- Born: Ainea Ojiambo 20 April 1970 (age 55) Nairobi, Kenya
- Occupation: Actor
- Years active: 2000–present
- Children: 2

= Ainea Ojiambo =

Kenyan actor (born 1970)

Ainea Ojiambo (born 20 April 1970), is a Kenyan actor. He is best known for the roles in the films The Constant Gardener, Bullion and Jack Zollo: My Life in Crime.

==Personal life==
He was born on 20 April 1970 in Nairobi, Kenya. He is a father to two children, a boy and a girl.

==Career==
Before entering popular screen, he worked in several stage plays and that is how his acting career began. In 2004, he was invited to play in the Hollywood film The Constant Gardener directed by Fernando Meirelles. In the film, he played a minor role of a 'Police Driver'. The film was a critical and box office success and earned four Oscar nominations. Then in 2007, he acted in the Kenyan television series Makutano Junction with the role of 'snake'.

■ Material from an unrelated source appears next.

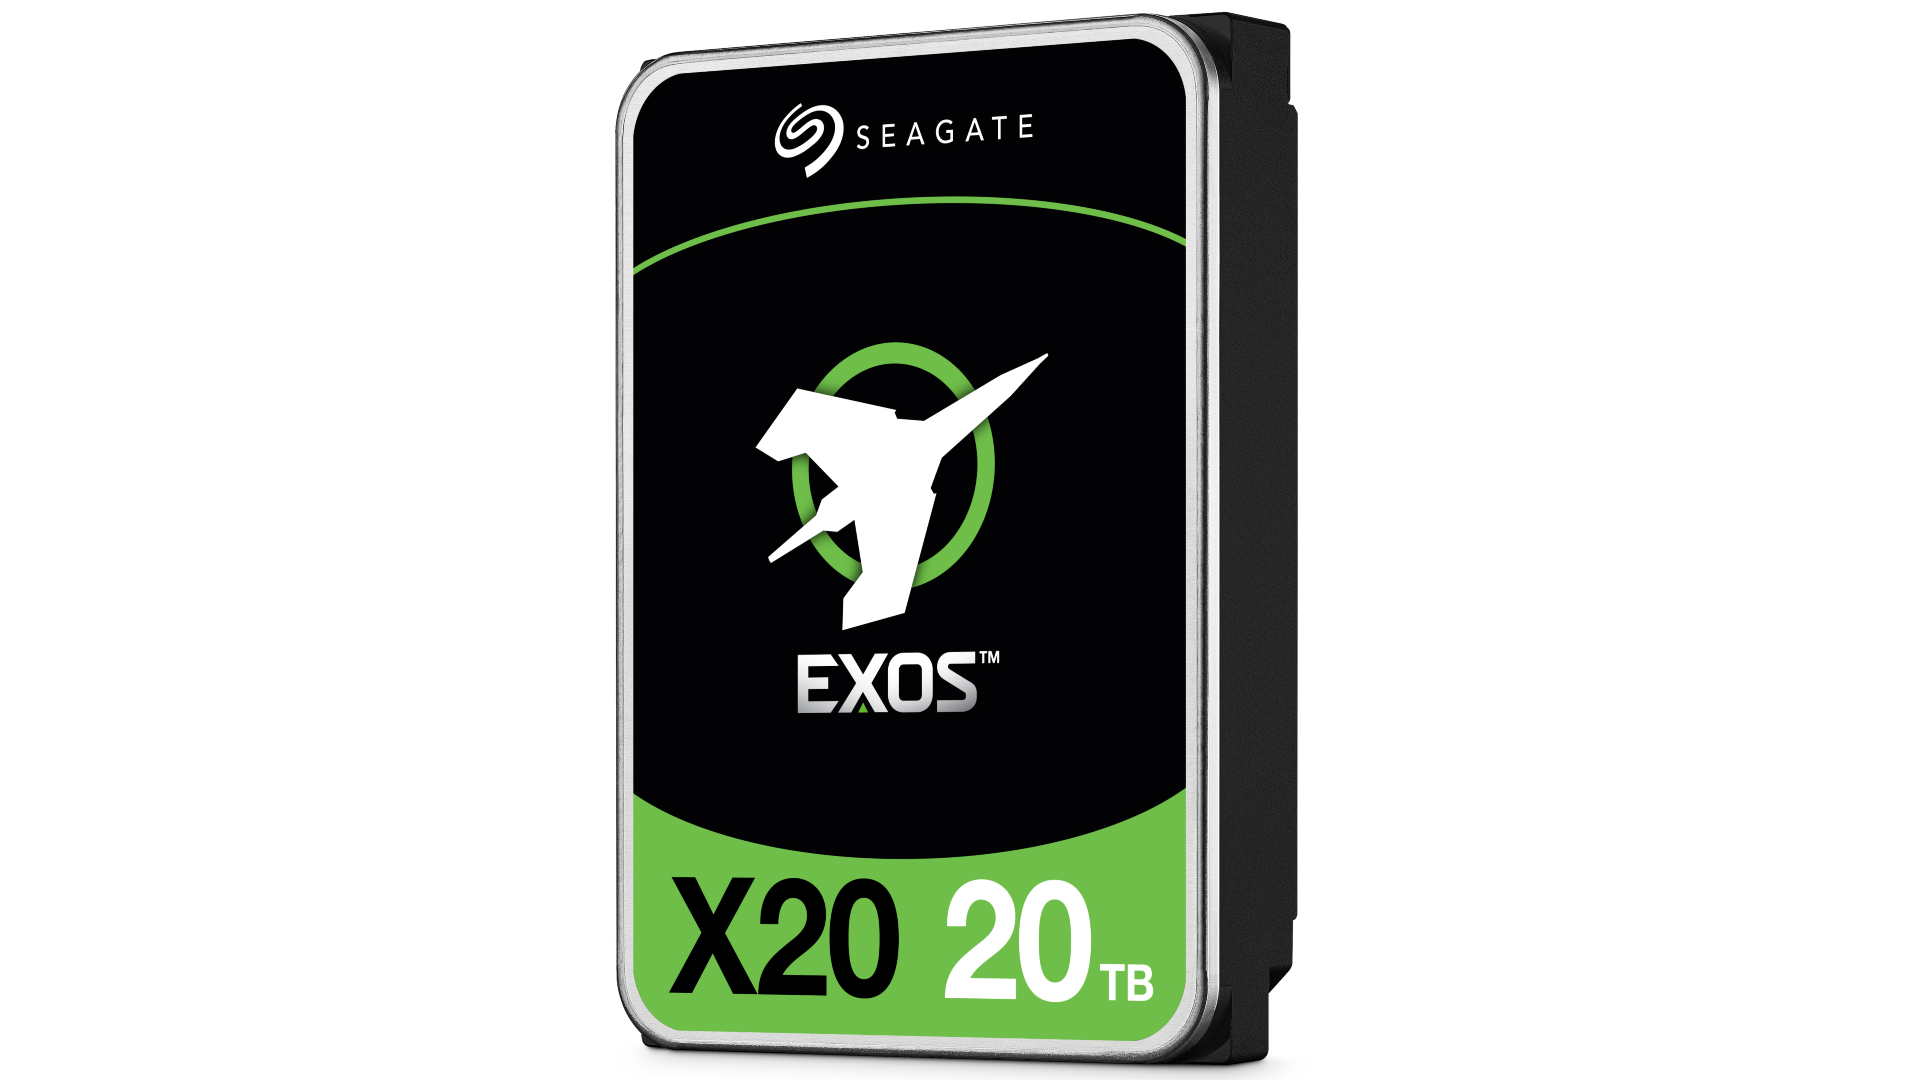 Seagate Exos X20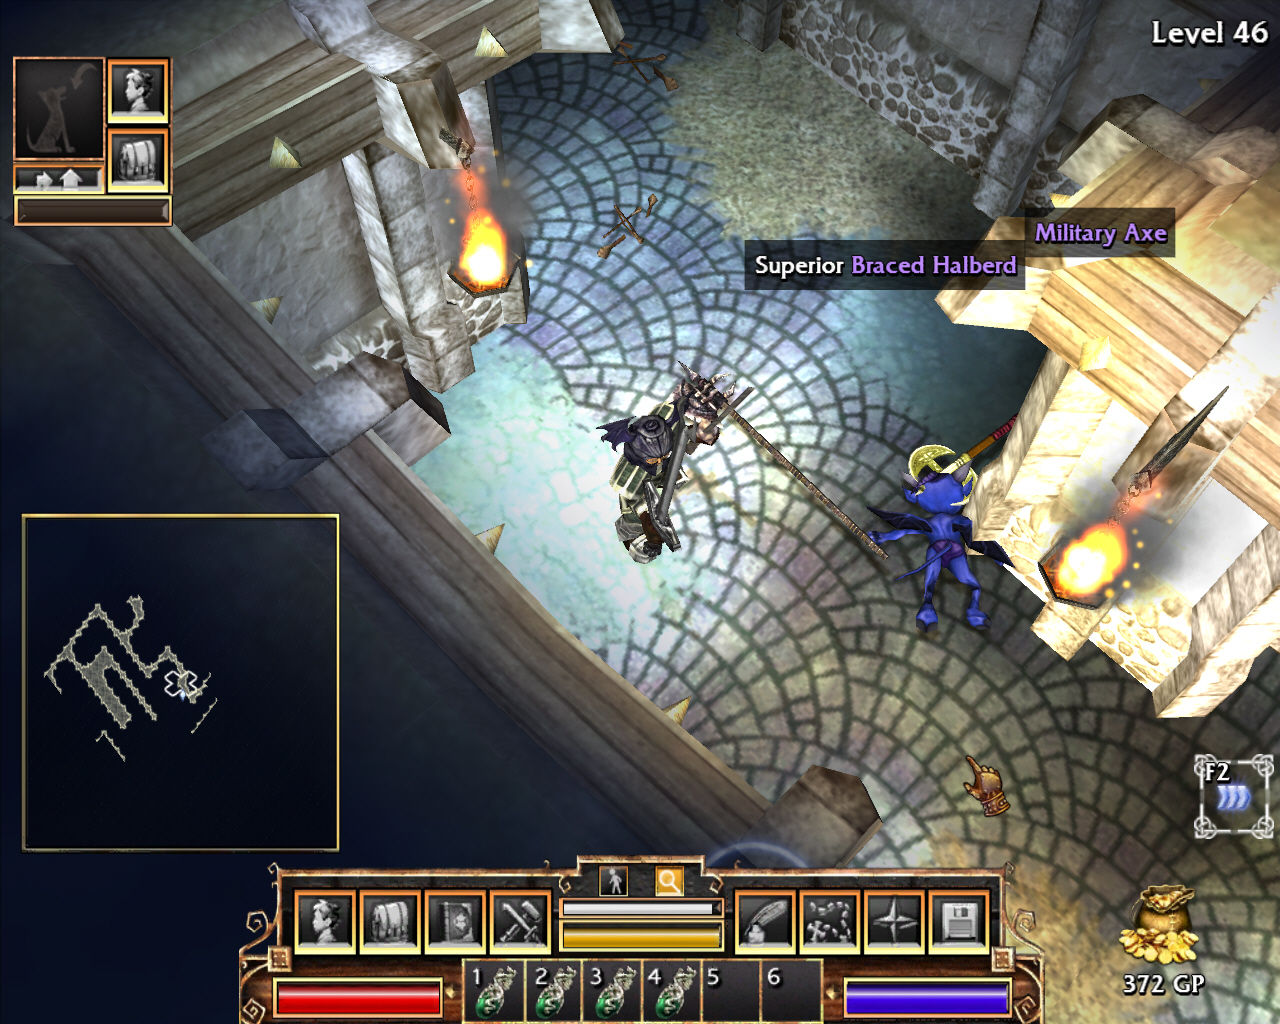 Torchlight screenshots - MobyGames

After the success of the series, he was later invited to play in two more television serials: Block-D and Noose of Gold. In the soap opera Noose of Gold, Ojiambo played the lead role of 'Ole Mpisha'. The soap was later broadcast for 3 seasons across Africa in the Africa Magic Channel. In 2010, he made his second Hollywood film The First Grader, a biographical drama film directed by Justin Chadwick. In the film, he made a supportive role as an 'Education Official'.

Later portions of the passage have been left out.